ADD REPLY • link 12.7 years ago by Neilfws 49k

0

Entering edit mode

Also, and for the record, I will suggest the caption of the question to be a bit more specific. You will get good answers if you ask the right questions.

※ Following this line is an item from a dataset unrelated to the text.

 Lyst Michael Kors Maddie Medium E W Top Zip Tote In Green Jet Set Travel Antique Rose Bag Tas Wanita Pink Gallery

ADD REPLY • link 12.7 years ago by miquelduranfrigola ▴ 790

score 7 · Answer 1 · 2012-10-25

7

Entering edit mode

12.7 years ago

Andrzej Zielezinski 11k

It can be easily done using BioPython.

from Bio import SeqIO
ids = [line.strip() for line in open('file1.txt') if line.strip()]
out = open('results.txt','w')
for seq_record in SeqIO.parse(open('file2.txt'),'fasta'):
    id = seq_record.id.split('|')[0]
    if id in ids:
        ids.remove(id)
        out.write('%s >%s\n%s\n\n' % (id, seq_record.description, str(seq_record.seq)))
for id in ids:
    out.write('%s NULL\n' % id)

ADD COMMENT • link 12.7 years ago by Andrzej Zielezinski 11k

0

Entering edit mode

thank you very much. the script works for me but I also need entries against the IDs which do not have any sequence, is there any way for that ?

ADD REPLY • link 12.7 years ago by NB ▴ 960

1

Entering edit mode

glad to be helpful. I already edited the source code in order to see ids which do not have any sequence.